1; those with more than 5 g of sodium per day – which is mainly in China, we have found a direct link between sodium intake and major cardiovascular events such as heart attack and stroke In the communities that consumed less than 5 g of sodium a day, it was the other way around: sodium consumption was inversely associated with myocardial infarction or heart attack and total mortality and no increase in stroke. "

Associations vary

Mind and colleagues assessed community-level associations between sodium and potassium intake and BP in 369 communities (n = 95.767) and between sodium and potassium intake and CVD and mortality in 255 communities (n = 82.544). The median follow-up was 8.1 years

In countries other than China, 84% of the communities had a mean sodium intake between 3 g and 5 g per day,

The average systolic pressure increased of 2.86 mm Hg 1-g increase in mean sodium consumption, but the association was significant only in communities in the highest tertiary sodium tertile ( P <0.0001 for heterogeneity) according to the researchers.

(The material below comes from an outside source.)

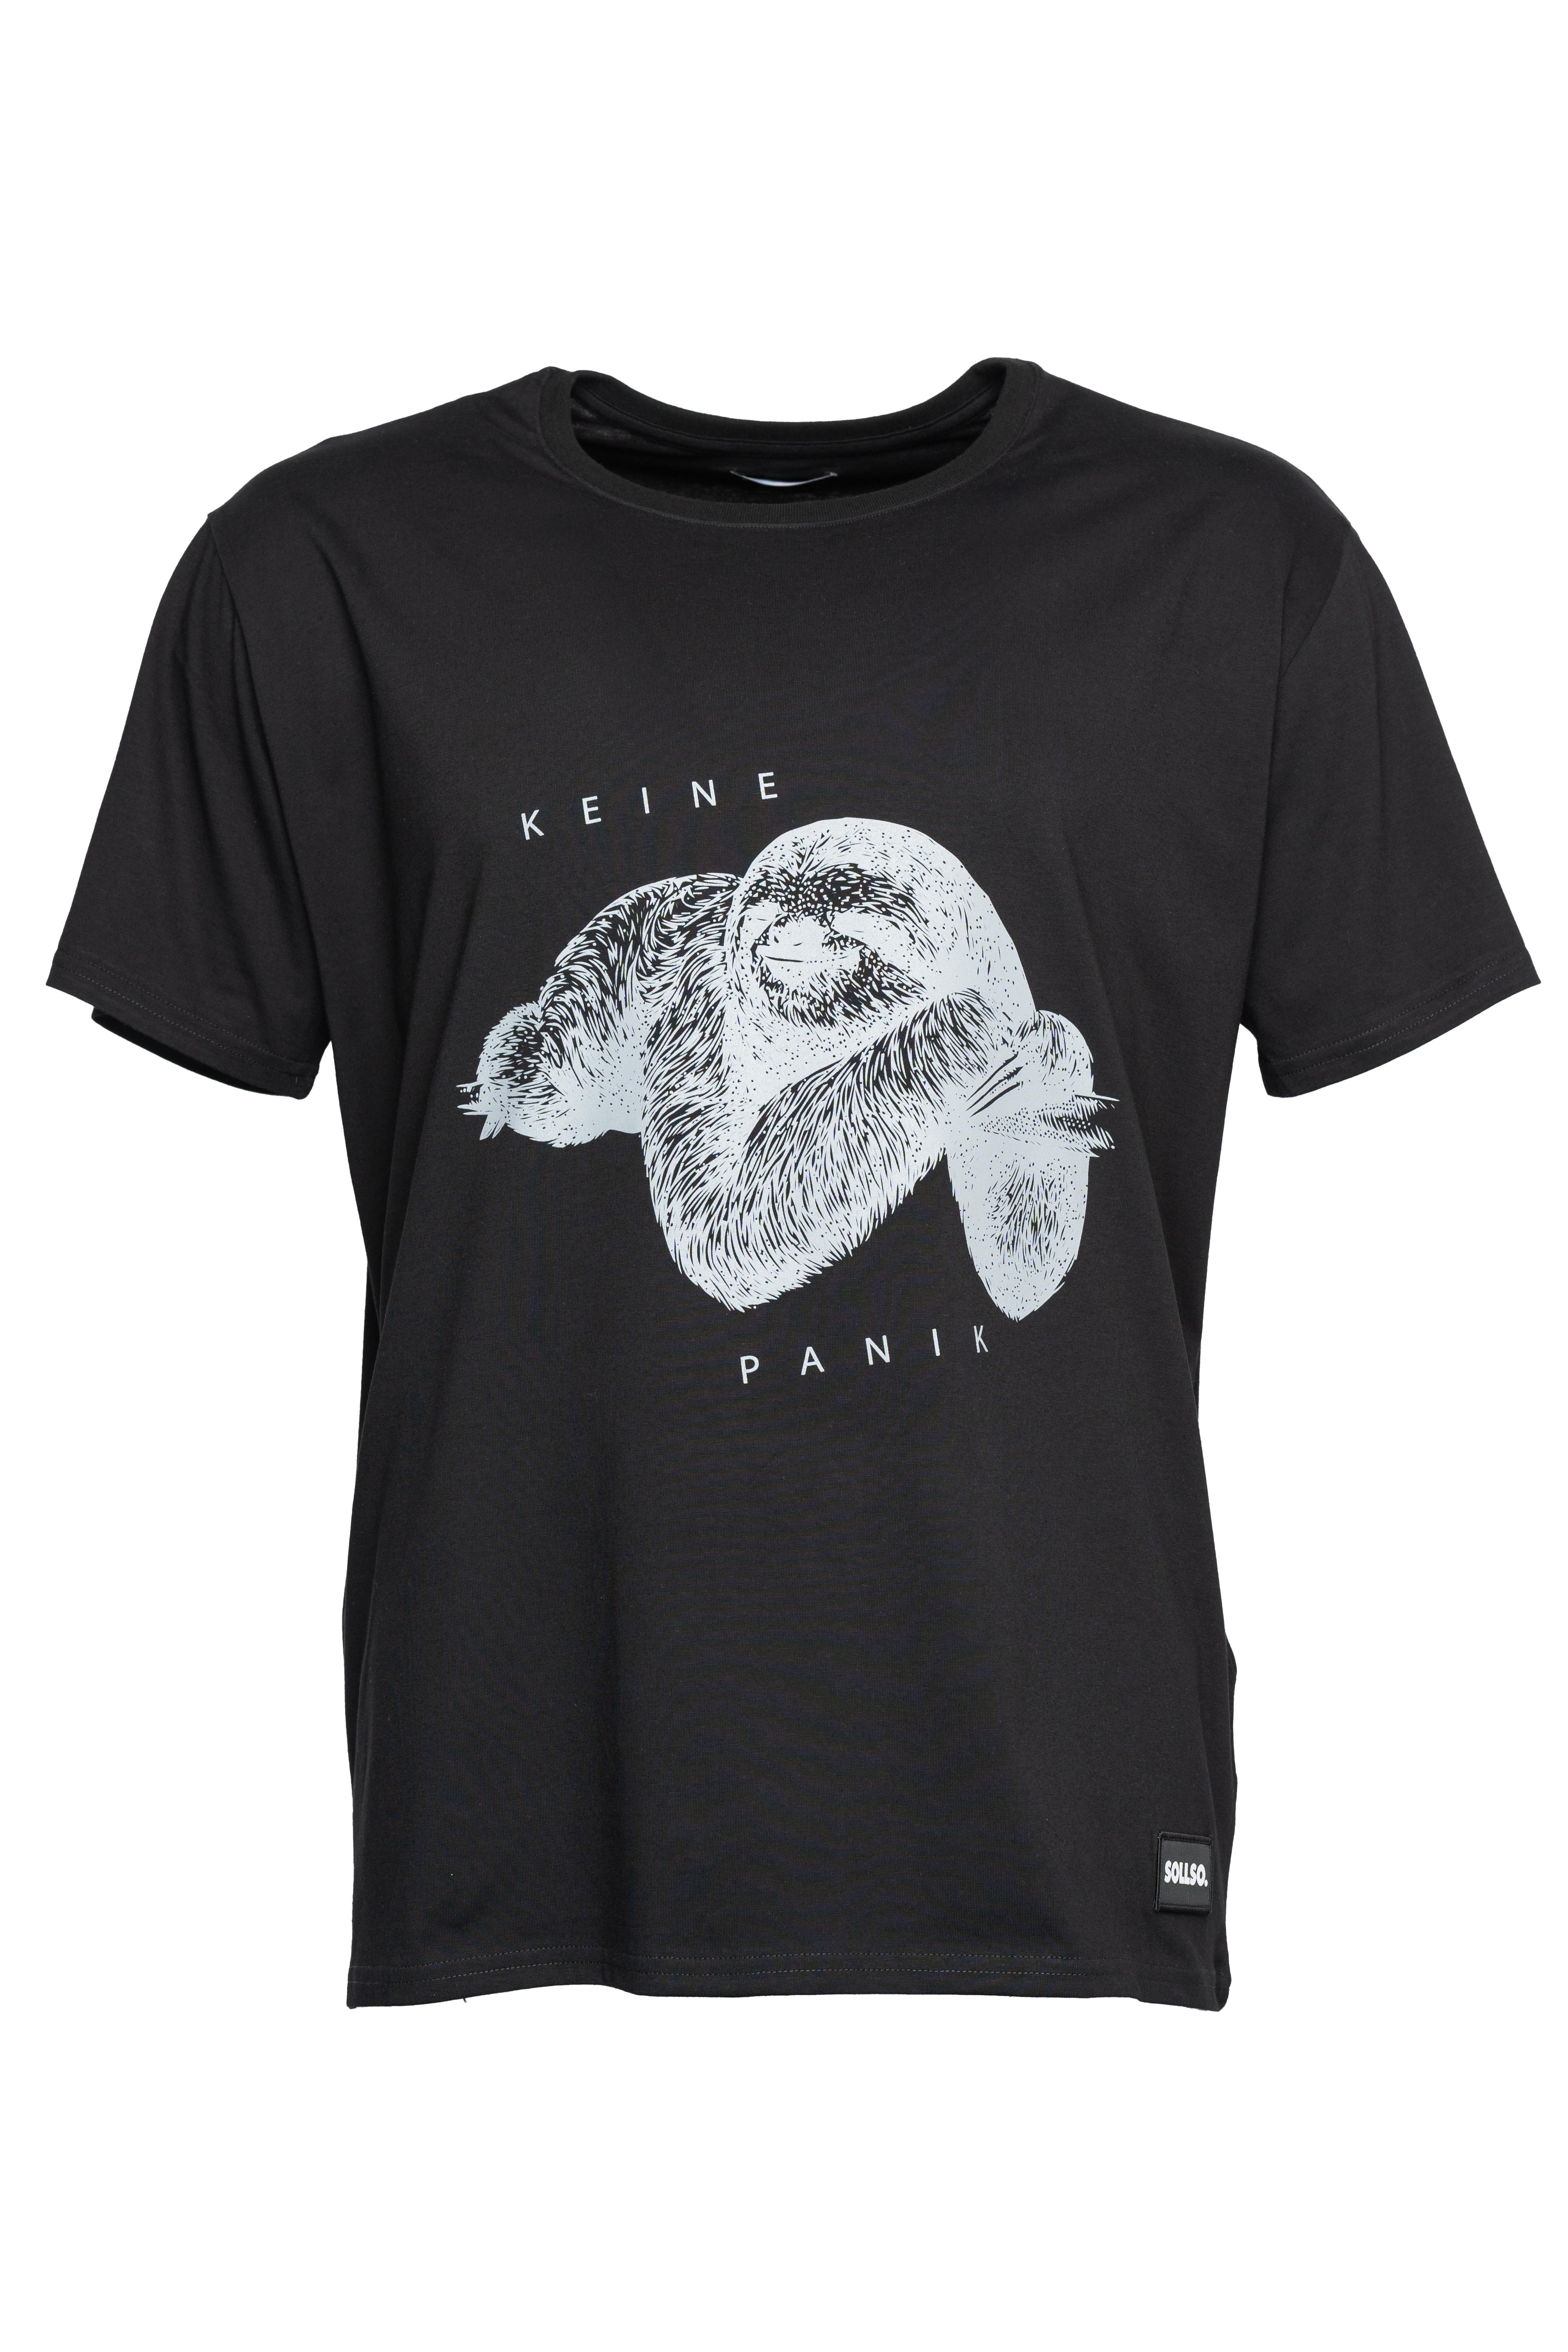 SOLLSO. T-Shirt "Keine Panik Faultier", Farbe Dark Black, Größe 8XL

There were significant deviations from linearity in associations between mean sodium intake and major CV events ( P = .043) due to an inverse association in the lowest tertile of sodium intake (mean intake, 4.04 g per day, range, 3.42 -4.43, variation, -1 events per 1,000 years, 95% CI, -2 to -0.01), no association in average tertile sodium intake (mean intake, 4.7 g per day, range, 4.44-5.05, change 0.24 events per 1,000 years, 95% CI, -2.12 to 2.61) and a positive but insignificant association in the highest tertile s sodium intake (mean intake, 5.5 g per day; interval, 5.08-7.49; change, 0.37 events per 1,000 years; 95% CI, – 0.03 to 0.78), the researchers wrote.

In China, there was a strong association between sodium intake and stroke risk (mean sodium intake, 5.58 g per day, exchange rate, 0.42 events per 1,000 years,% CI, 0, 16-.67); this was significant but weaker in other countries ( P due to heterogeneity = 0.0001).

In all participating countries, the increase in potassium intake was associated with a decreased risk for all major CV events.

found all the major cardiovascular problems, including death, decreased in communities and in countries where there is an increase in potassium consumption, which is found in foods such as fruits, vegetables, dairy products, potatoes and nuts and beans " , Mente said in the statement

Randomized study opportunity

"Before changing the recommendations, we recall that the results of Mind and colleagues are observational data in a predominantly Asian population and that 39; 24-hour sodium excretion was estimated from one day to another fasting urine measurements. This does not necessarily mean that active intervention, such as reducing the intake of salt in patients at risk of stroke or increasing salt intake in patients at risk for myocardial infarction, will result beneficial, " Cardiology Today Editorial Board Member Franz H. Messerli, MD, of the School of Medicine at Icahn on Mount Sinai, and colleagues wrote in a related editorial." However, results are extremely provocative and should be tested in a randomized controlled trial. Indeed, this process has been proposed in a tightly controlled environment, the federal prison population in the United States. " – by Erik Swain

Disclosures: The authors do not report disclosures Messerli reports that he received grants, honorary advisor and honorariums from Medscape, Medtronic, Menarini, Novartis and Pfizer. Please consult the editorial for relevant financial information of other authors.